While bringing literature to the fore in the age of television, Forn climbed the pyramid of the publishing industry. He began as a messenger in Emecé, where he became a literary advisor, and consolidated himself in the Planeta publishing house. There he became one of the architects of the modernity of Argentine literature. His collections, Biblioteca del Sur and Espejo de la Argentina, where he published authors such as Fogwill, Tomás Eloy Martínez, Matilde Sánchez and Alberto Laiseca, inaugurated a new panorama in the country. Argentina turned to read authors who “began to write in the shadow of French existentialism, the beatniks and the Cuban revolution, or the birth of pop, the sexual revolution and structuralism; or the advent of punk, computers and AIDS ”, as Forn himself described them in the prologue of a selection he edited for Anagrama in 1992.

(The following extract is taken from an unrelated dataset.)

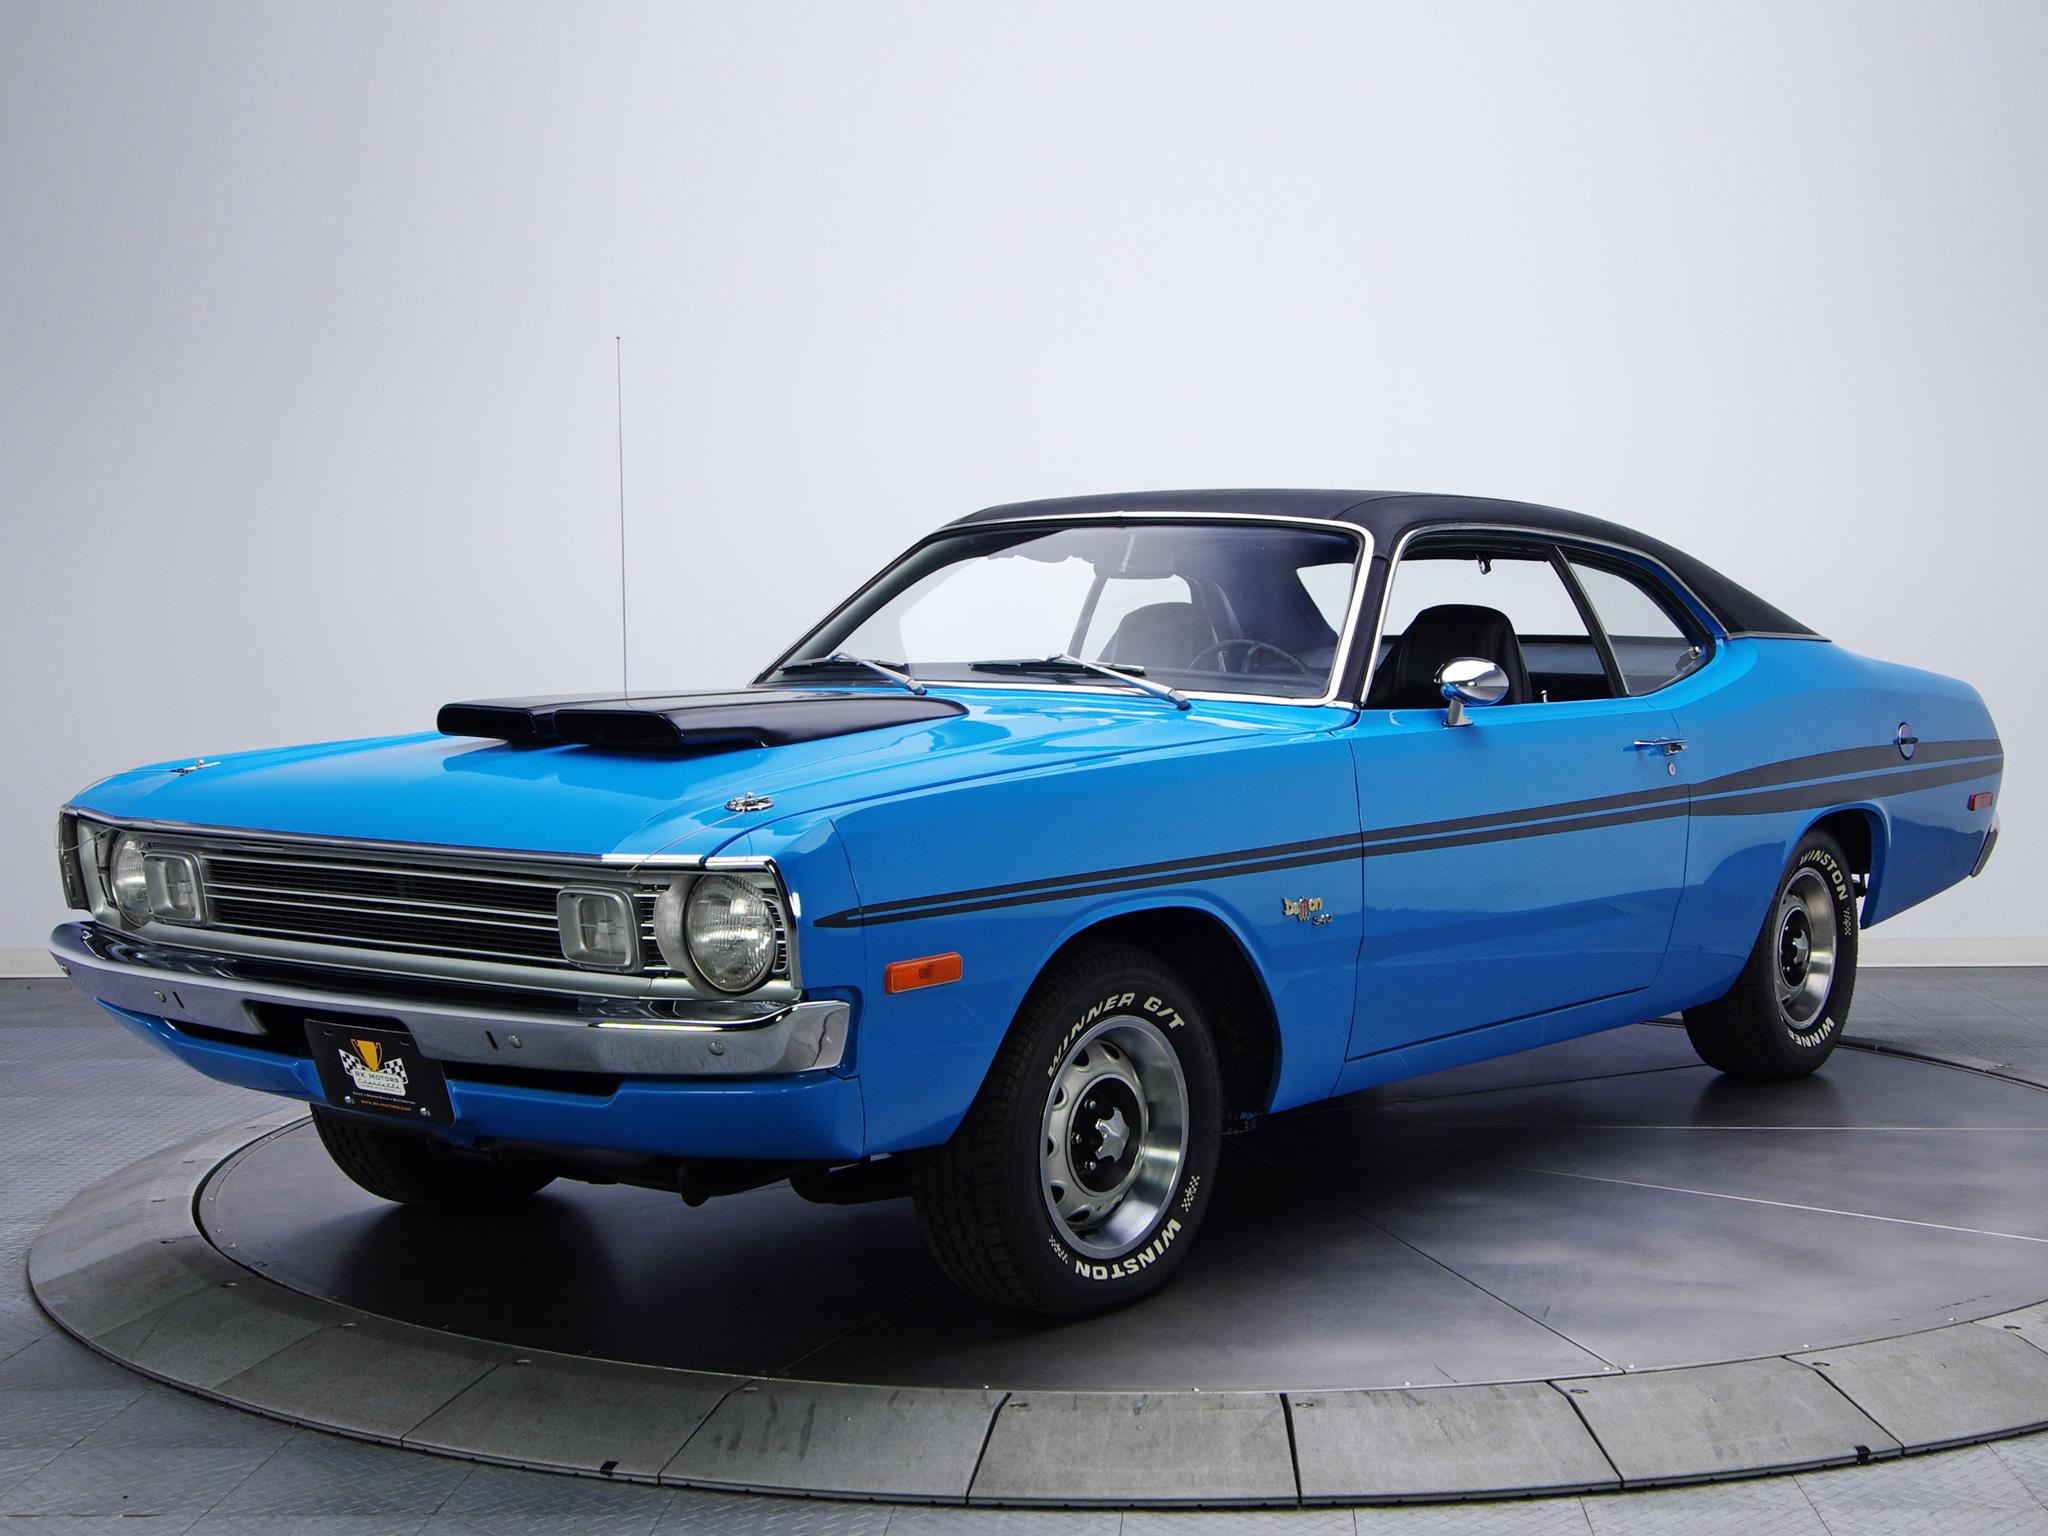 1972 Dodge Dart Demon 340 LM29 Muscle Classic Wallpaper 2048x1536 2048x1536

In it, he also published for the first time in Spain César Aira, the last Formentor prize winner and eternal figure in the lists of favorites for the Nobel Prize. Accompanying Aira with names like Ricardo Piglia, Alan Pauls, Abelardo Castillo and Sylvia Iparraguirre, her selection shines to this day. “When it was published, the divorce that existed between Latin American authors and Spanish readers was bordering on tragedy,” Enrique Vila-Matas wrote about the anthology. “In those days, the Argentine narrative was, for Spanish readers, only Borges and Bioy Casares, whom they mistook for their squire.”
Founder of the magazine Radar, the cultural supplement of the newspaper Page 12He spent almost 15 years writing the back cover of the newspaper. “Los Fridays”, the name of his column published before each weekend, was a personal cartography of Argentine and global culture. In them he could describe the inbreeding and myopia of the upper class from which he escaped (about Mauricio Macri, with whom he shared the school, the Cardenal Newman school, he wrote: “More than president, what he wants is to have been president, to finish a time his political adventure and return to the only nucleus of belonging that he recognizes: that of the Newman Boys ”) with the same ease with which he reviewed the list of nine assistants who had the funeral of Karl Marx or dissected the dreams that Borges told him to Bioy Casares.
Forn published his last fiction book in 2007, but he never stopped reading and sharing. In 2017, he began curating the Rara Avis collection, published by the Tusquets publishing house. Among the texts of the Argentine writer Isidoro Blaisten, the original of The Great Gatsby that Scott Fitzgerald submitted to his publisher under the title Trimaltion, or the memoirs of Frigyes Karithy, a Budapest columnist who in 1936 documented a trip through interwar Europe to undergo surgery for a brain tumor, the editor continued to share his discoveries. The last, at the beginning of 2019, was the publishing phenomenon The evil ones, by the writer Camila Sosa Villada, who the following year won the Sor Juana Inés de la Cruz prize.
In the prologue to the story of the pain and enjoyment of a trans woman who finds herself in one of the most conservative regions of Argentina, Forn summarized the rule that forged her reading and her life: “It is that kind of book that, in when we finish reading, we want the whole world to read it ”.